A second chance deserved
I do not claim to be an early morning person. Anything before 8 a.m. is just too early for me to lift myself out of bed to start my day. But, after sitting in on the juvenile and family drug court sessions with Judge Bob Armstrong on Thursday at 7:30 a.m., I found that my pouting about waking up early was very unwarranted.
I left the courtroom feeling like for all the struggles and mishaps in my day, maybe everything isn’t as bad as it seems in my small universe. The people, citizens who have done no criminal acts, at these weekly court sessions are either there by choice or by Armstrong’s court order, but all are committed it in the program that require weekly progress report viewing in court with Armstrong, attending and behaving well in school or G.E.D. programs.
The people in the program want to better themselves for their children, families and themselves. They want to be free from their habits that caused them to have their children taken away from them. They want to heal severed relationships with their children. And they want to be honestly happy again.
One woman said she did not know she could be this happy. She thought that when she had been drinking that she was happy in those moments, but sober life has brought her more joy than she knew possible.
There were just smiles all around, which is heart-warming for a group that has hit close to rock bottom, if not farther. Even for one woman, who was attending the court session for the first time, looked hopeful. I don’t know how hard it was for her to walk into the door of the courthouse to come to the session, but I think it probably took a lot of courage. It took courage because she had to admit she needed outside help to solve the struggles she faced daily.

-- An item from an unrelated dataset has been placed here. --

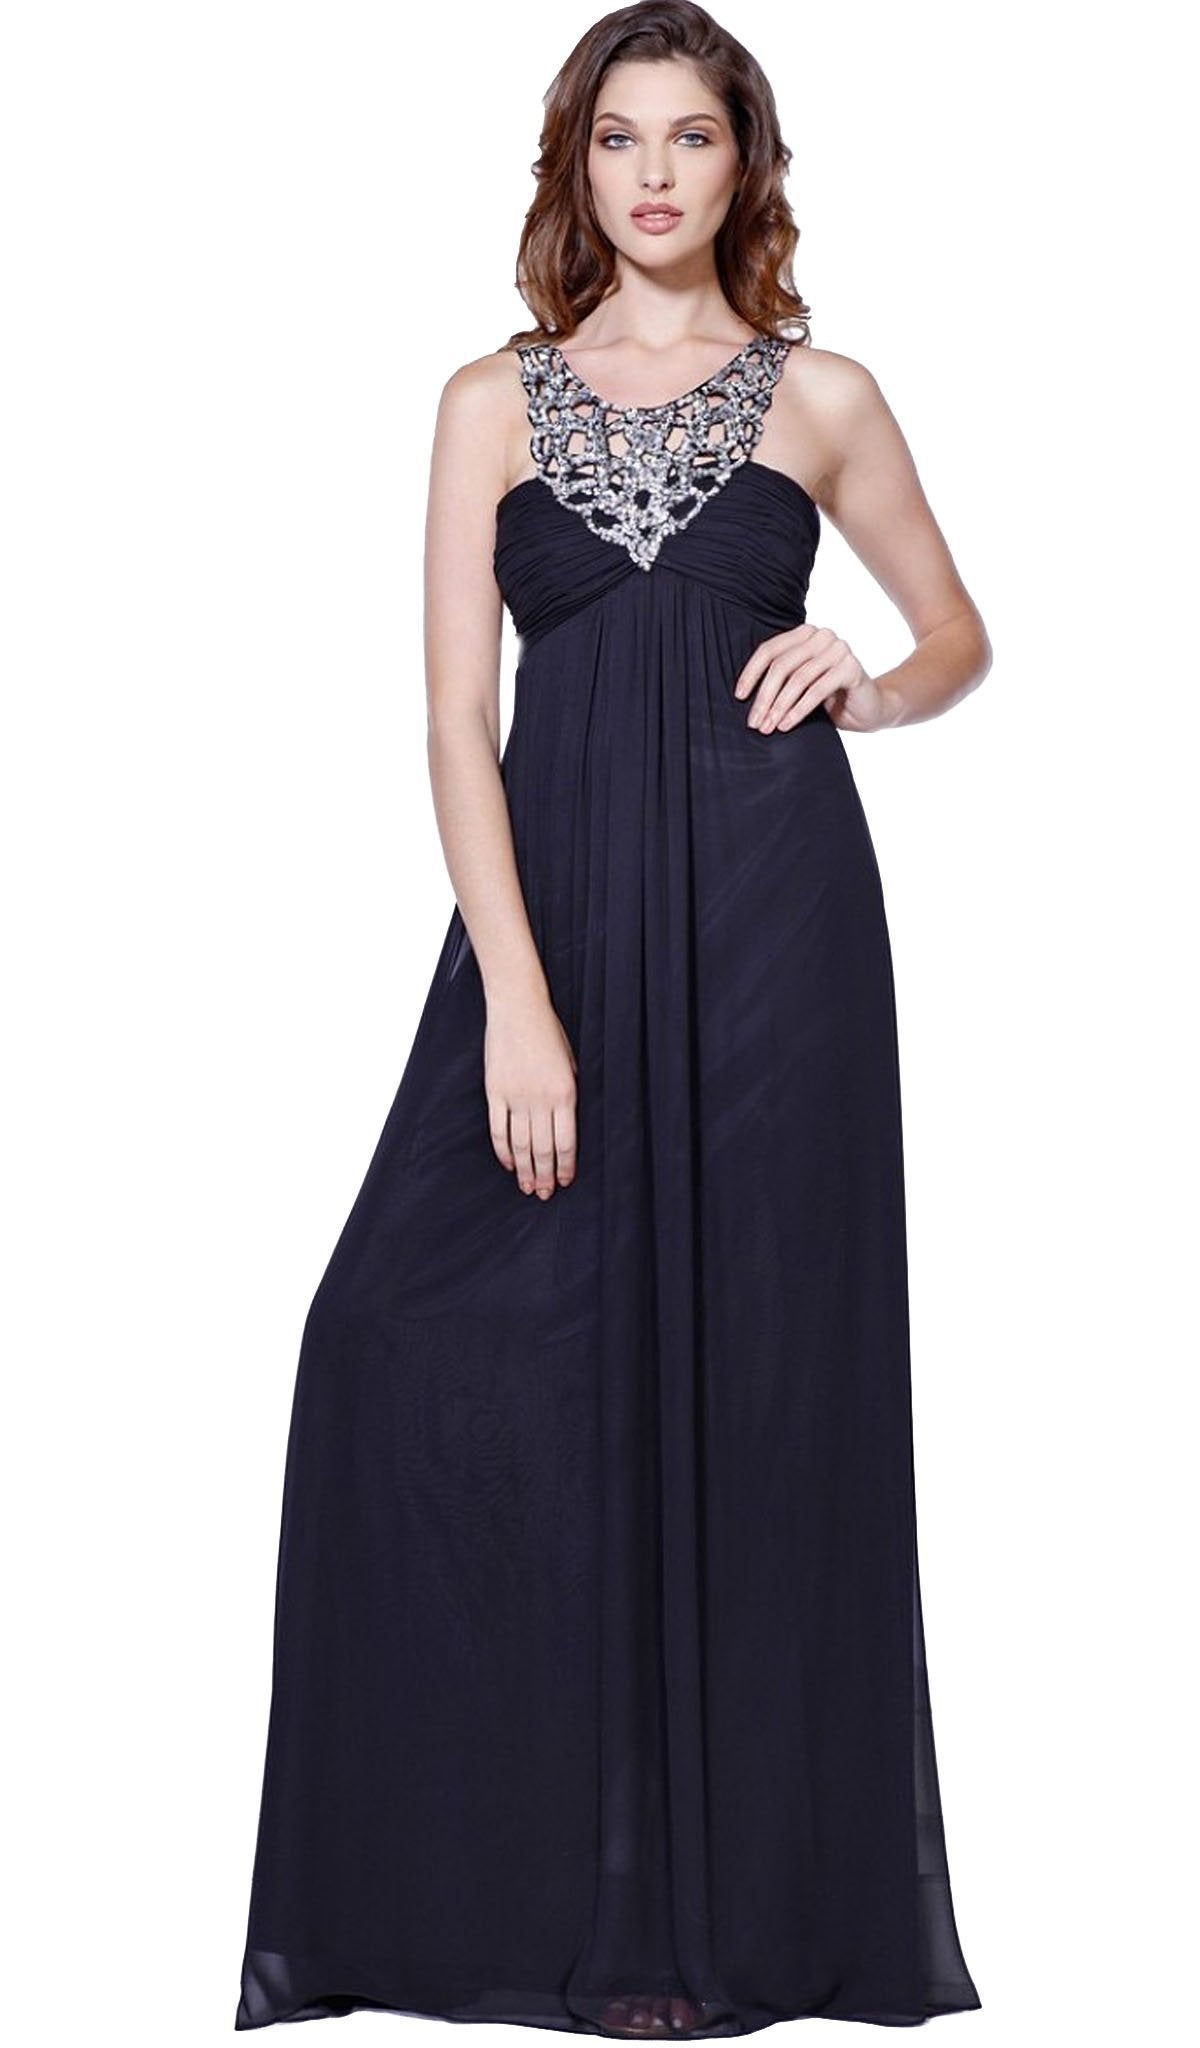 Nox Anabel - 2592 Embellished Scoop Neck Empire Waist Evening Dress Special Occasion Dress XS / Black

I don’t know what these people looked like before they walked into these sessions, but according to the raving reviews from Armstrong about the progress of these people, I think they have come a far journey. Armstrong is helping these people have a second chance at a life with their families.
Sitting in the courtroom on Thursday morning, I realized that maybe everyone needs a second chance. It just takes someone to see that glimmer of hope inside of you. With a little encouragement and accountability, I think these people deserve more than a second chance. They deserve, and have earned, my respect.